My epiphanies have nothing to do with supernature. Nature, yes; supernature, no. Mother Nature is as super as I go.
So a few days ago when I strolled past a building the purpose of which was defined in the sign hanging from it — “The Epiphany School” — I wondered whether the school ventured beyond mythical and/or historic epiphanies and into teaching how to have them.
And this led into a question I asked of a friend who, although Jewish (the way I’m Jewish), went to an Episcopalian boarding school. Question: “What was the epiphany?”
The answer was a little confusing and remains so, even after I took down and dusted off my King James bible to supplement what my friend told me.
Something to do with the Magi trekking off to visit the baby whom, for reasons equally unclear, they’d heard was the Messiah. Well, there was a star and they followed the star (which moved, sort of like a flashlight) until it stopped over where the “young child was.” What a unscientific muddle! Unless the “star” was a comet or asteroid but that presents a problem since if it were an asteroid, it wouldn’t have stopped over the crib of the baby. It would have crashed into it.

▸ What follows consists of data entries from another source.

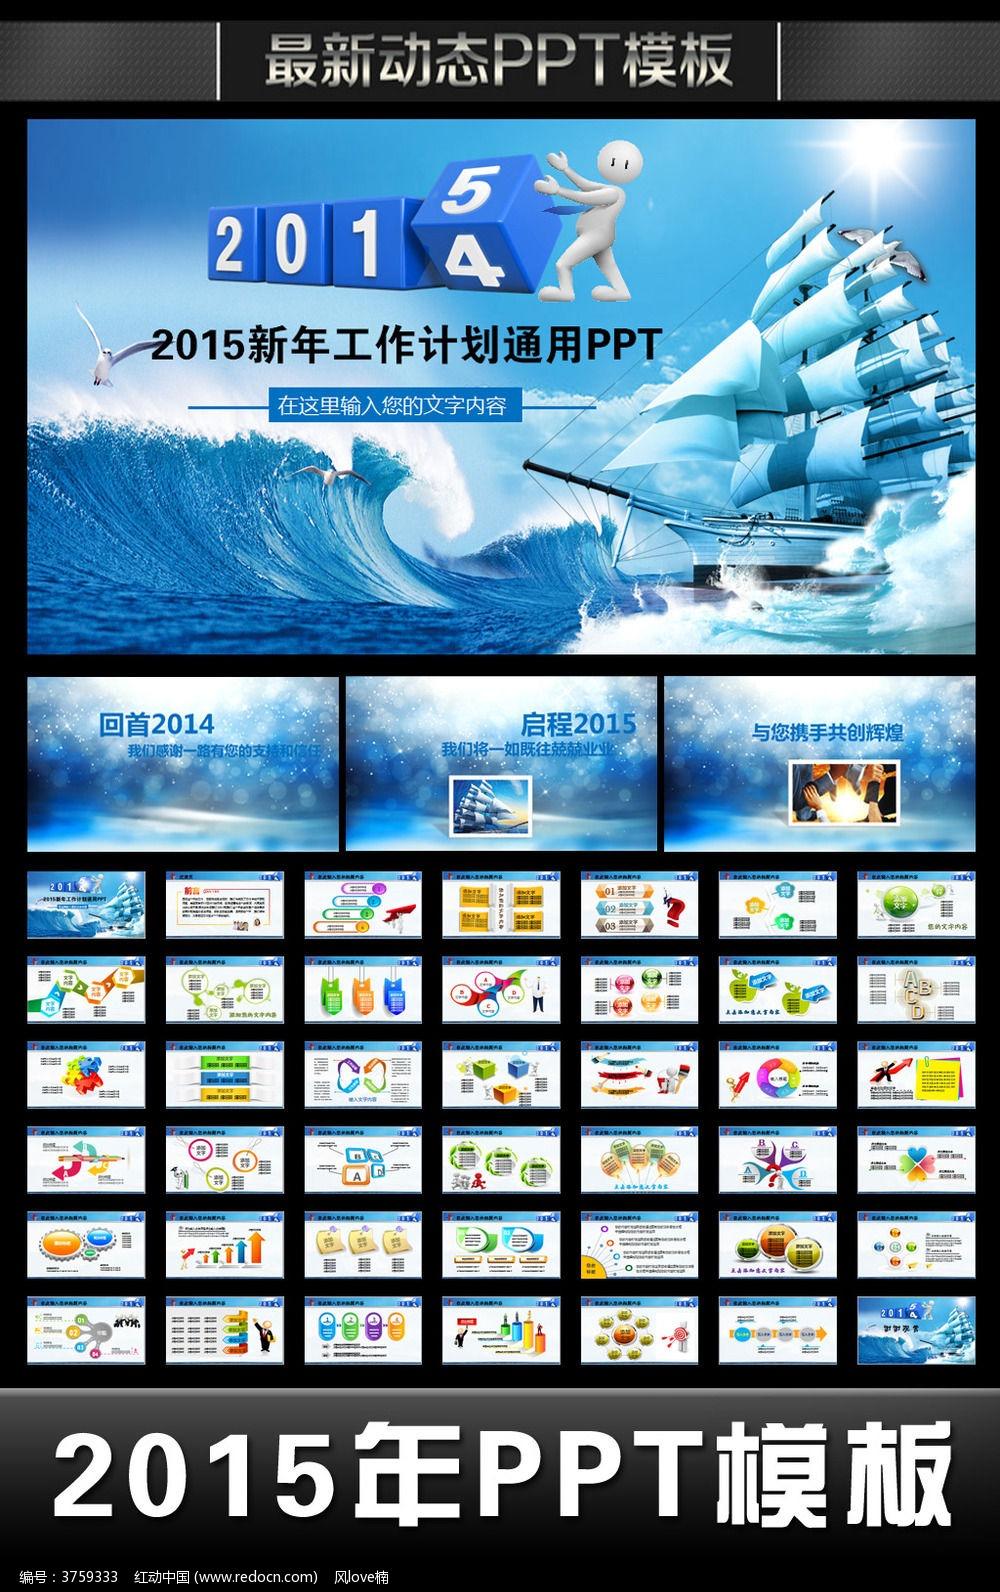 标签: 2015年 羊年 年终总结 新年计划 PPT PPT模板 PPT图表 动态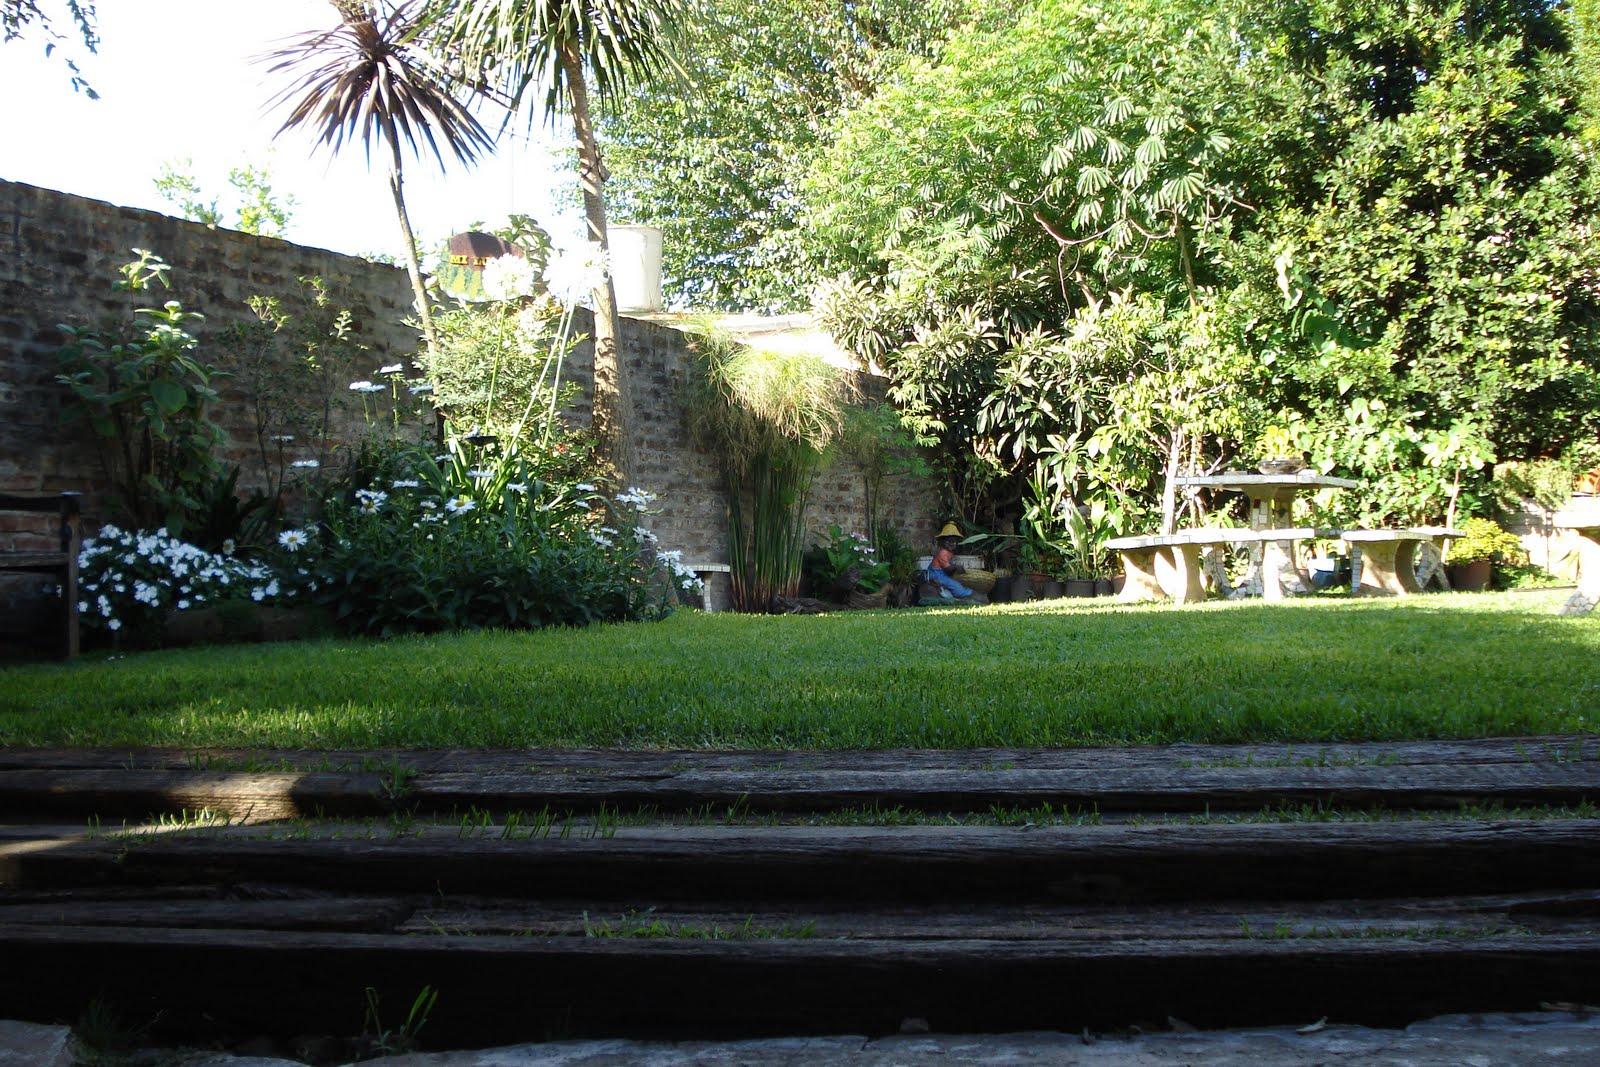 Jardines osvaldo dise os y servicios de parques y jardines for Adornos para parques y jardines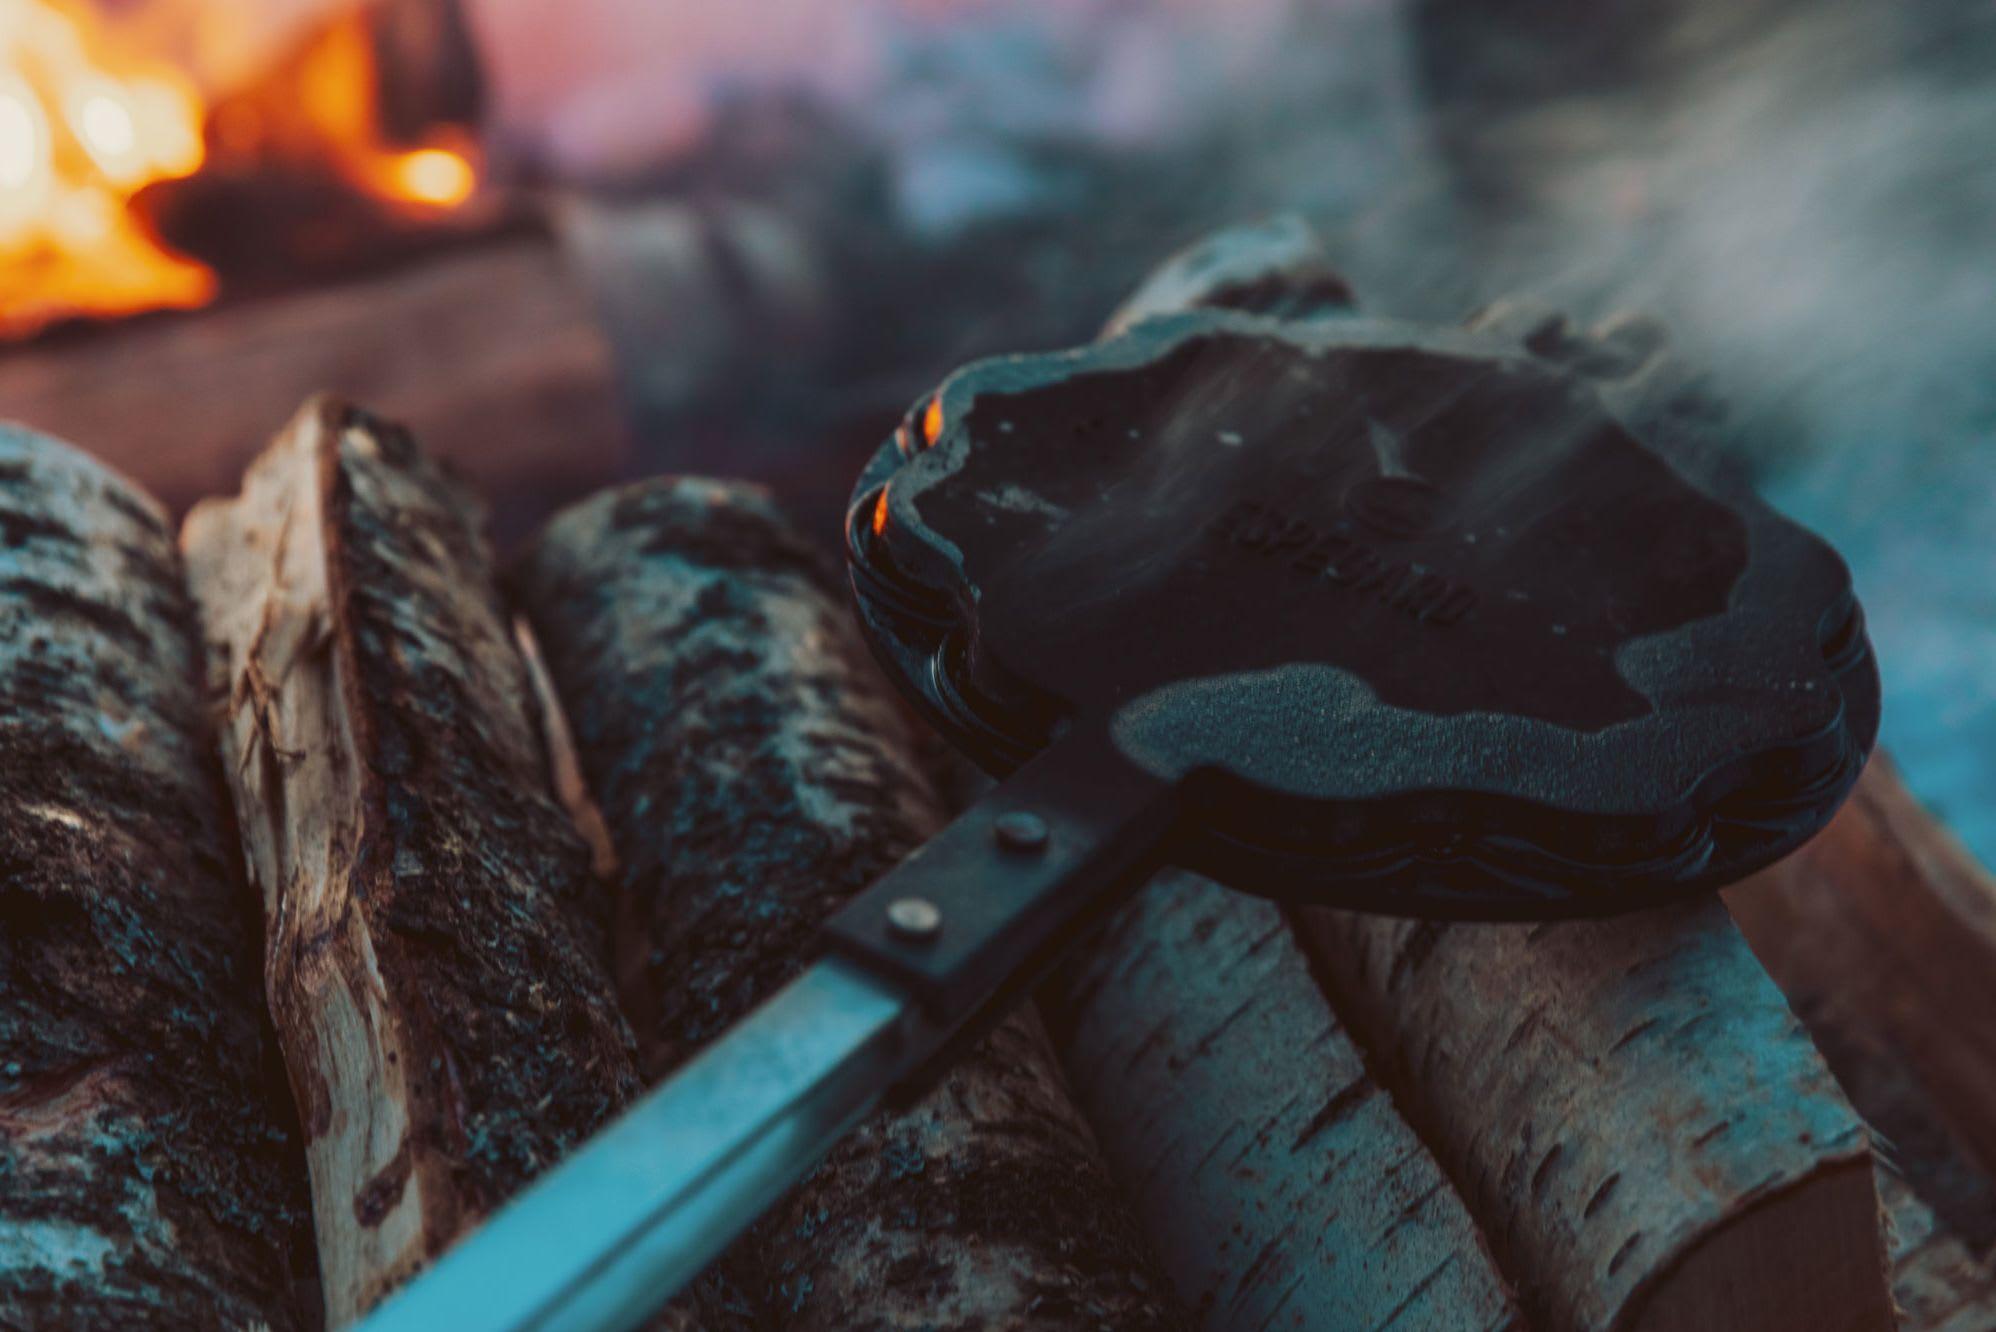 Rykende varmt vaffeljern etter å ha stått over det varme bålet.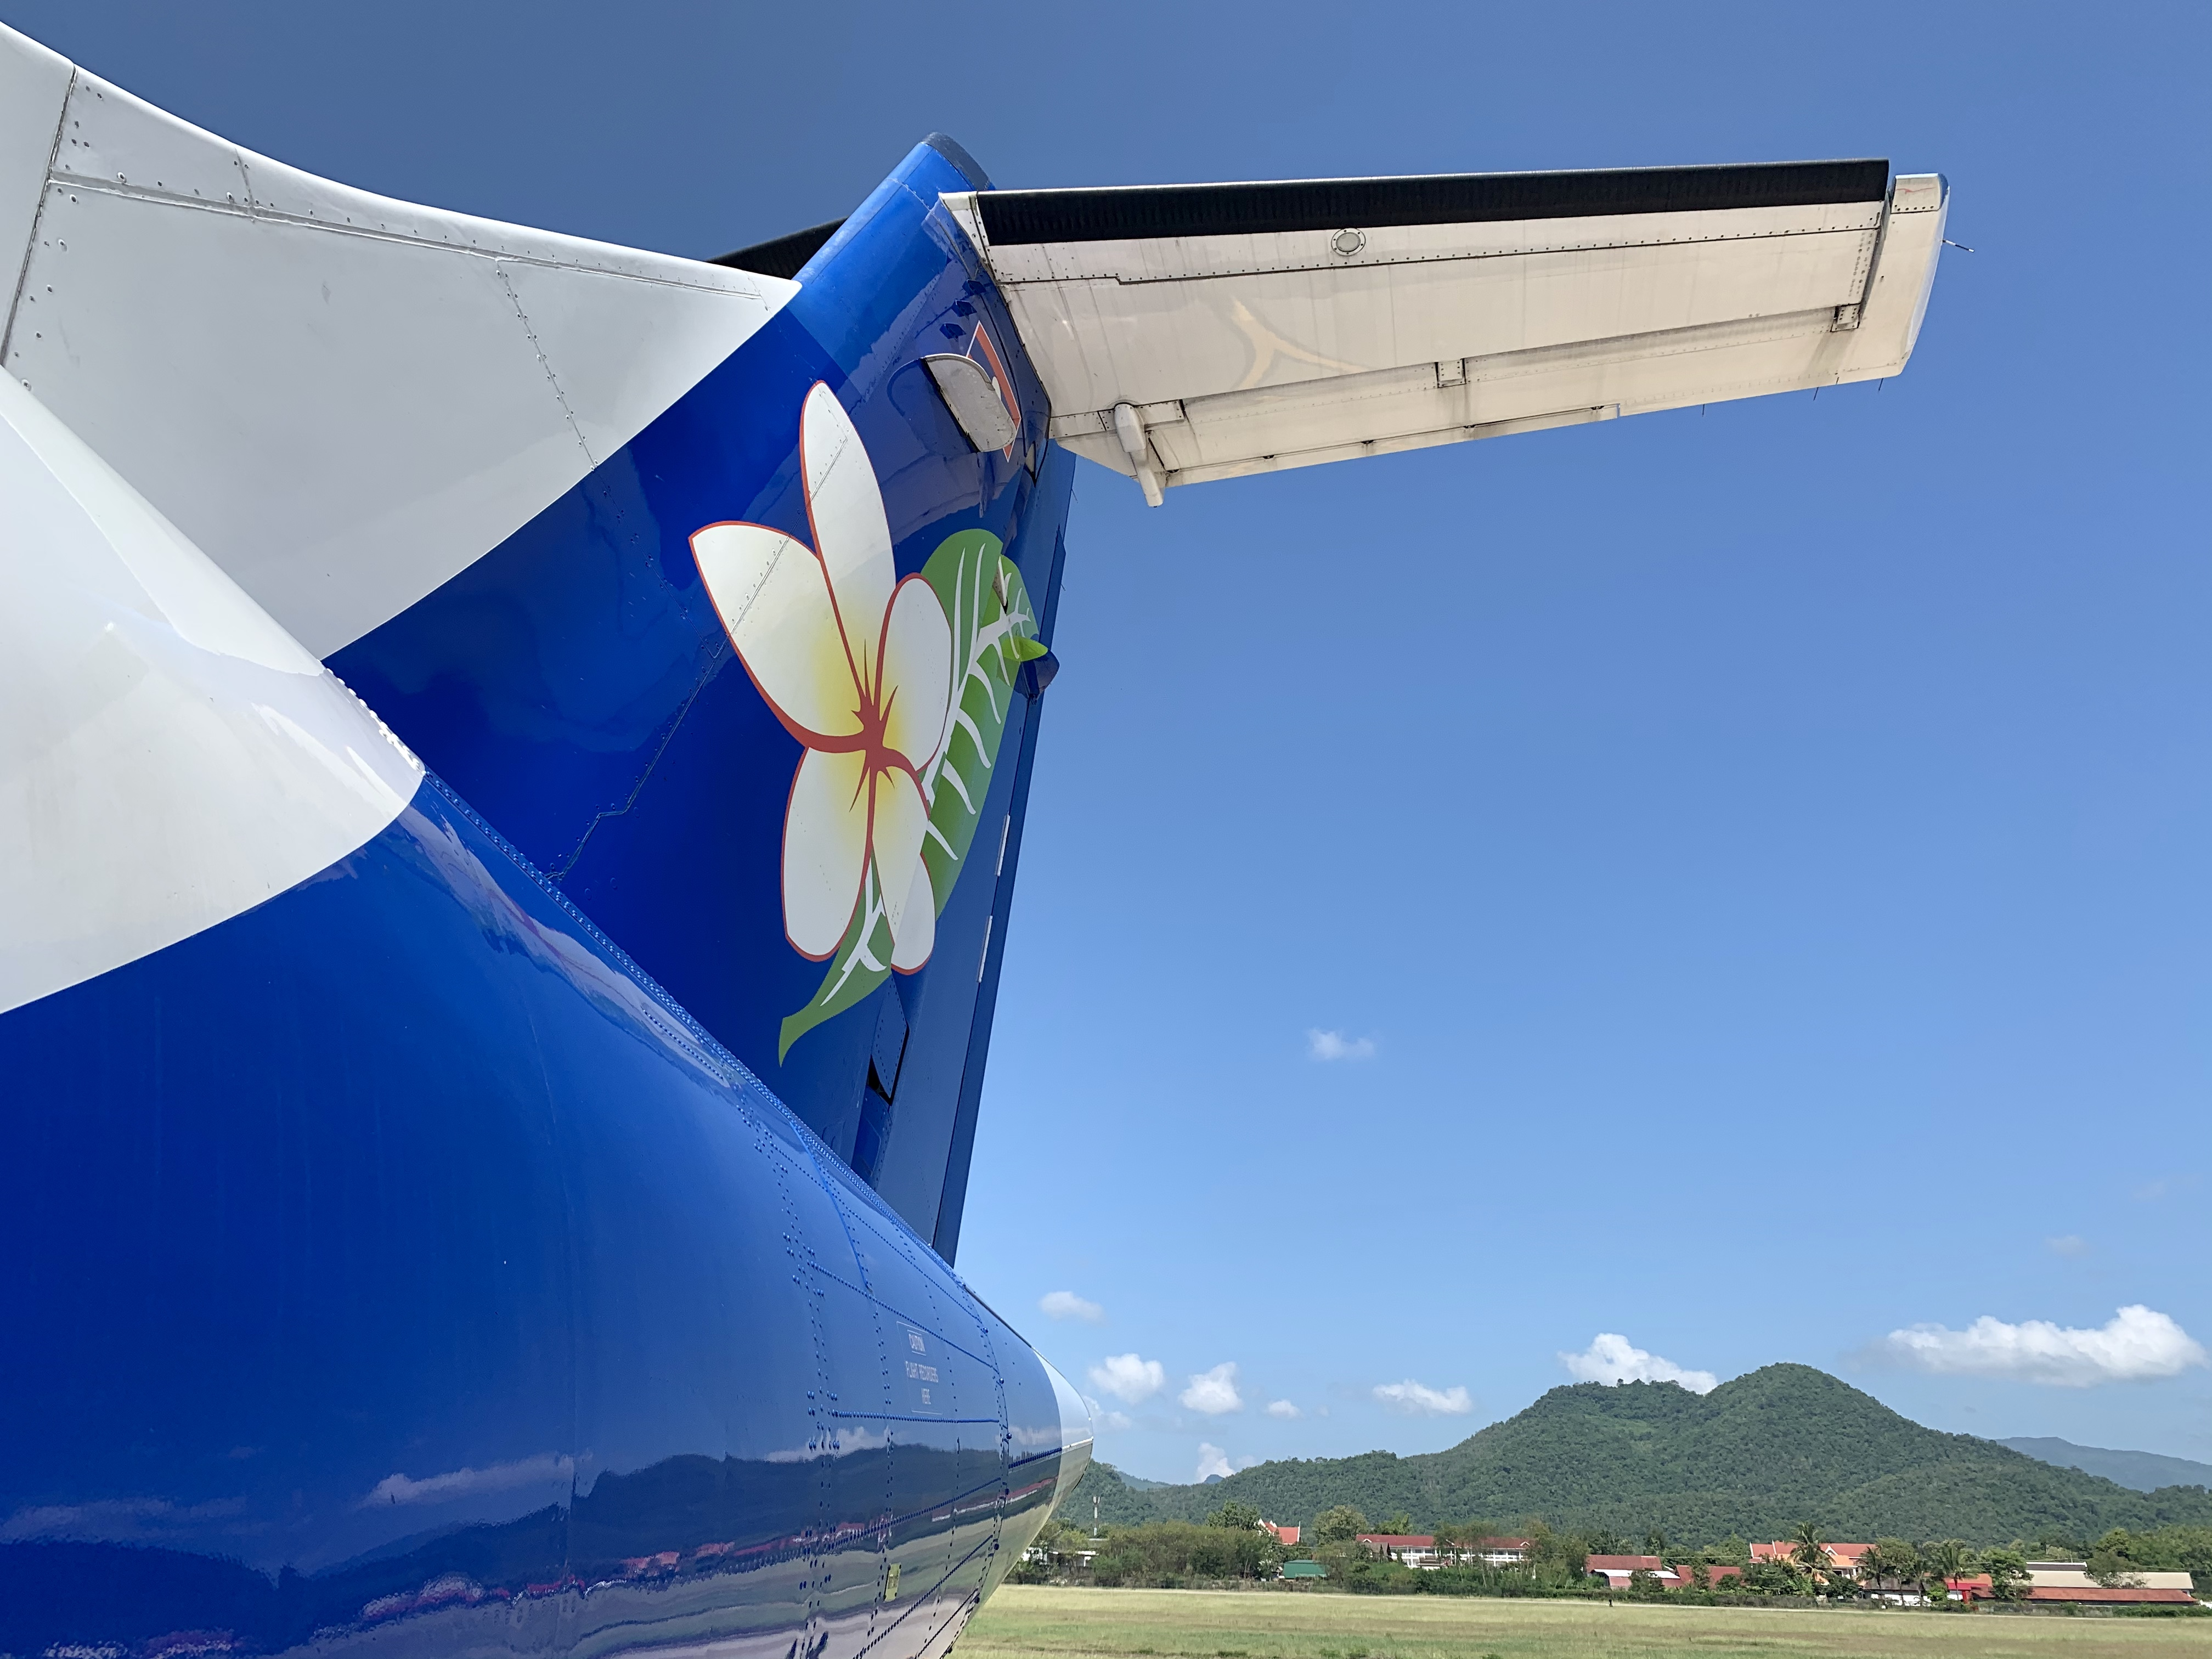 Lao Airlines er det nationale flyselskab i det sydøstasiatiske land Laos (foto: Kenneth Karskov)

Here’s an alternative view: maybe the star was the very first GPS? “Recalculating…”
Anyway, the Magi gazed upon the newborn and said to each other, “Yeah, for sure, this baby is the Messiah.” And “they fell down, and worshipped him…”
How did they know the baby was the Messiah? Was that halo every painter has created over the infant’s head shining there and then? If it had been, the Book of Matthew doesn’t mention it.
So what about the other books? Well, after a lot of jump cuts in Mark, Luke attempts to fill in the holes in Matthew’s story. It’s almost as if some very early Christian editor read Matthew and Luke and proclaimed, “This doesn’t make any sense and in the future Naomi will be among the many, many others who’s going to highlight and mock all the missing bits in the story. Gotta do something about that.”
And Luke says, what a pain! but OK, and then adds the shepherds in the field and the sheep and, most significantly, an Angel (almost as if the early Christians just discovered the utility of the Greco-Roman dramatic device called “deus ex machina”). The Angel shows up to fill in information not otherwise presented in the first edition.
So it all comes down to the reason I don’t care for Gothic lit or the bible: when the writer doesn’t have the imagination to create a plausible, connected plot, he goes, “god did it!” And the Bible drags one or another angel in to say, “Oh, don’t worry about the logic! God gets to do what he wants and if he doesn’t want to fill in the holes, just deal with it!”
So to get an epiphany from such stories, you must believe in supernature and not question it.
Clearly I am not a candidate for an epiphany school.
But I am currently having an epiphany: the Bible, Old and New Testaments together, kick started the Age of Satire. Which blessedly continues unto this day.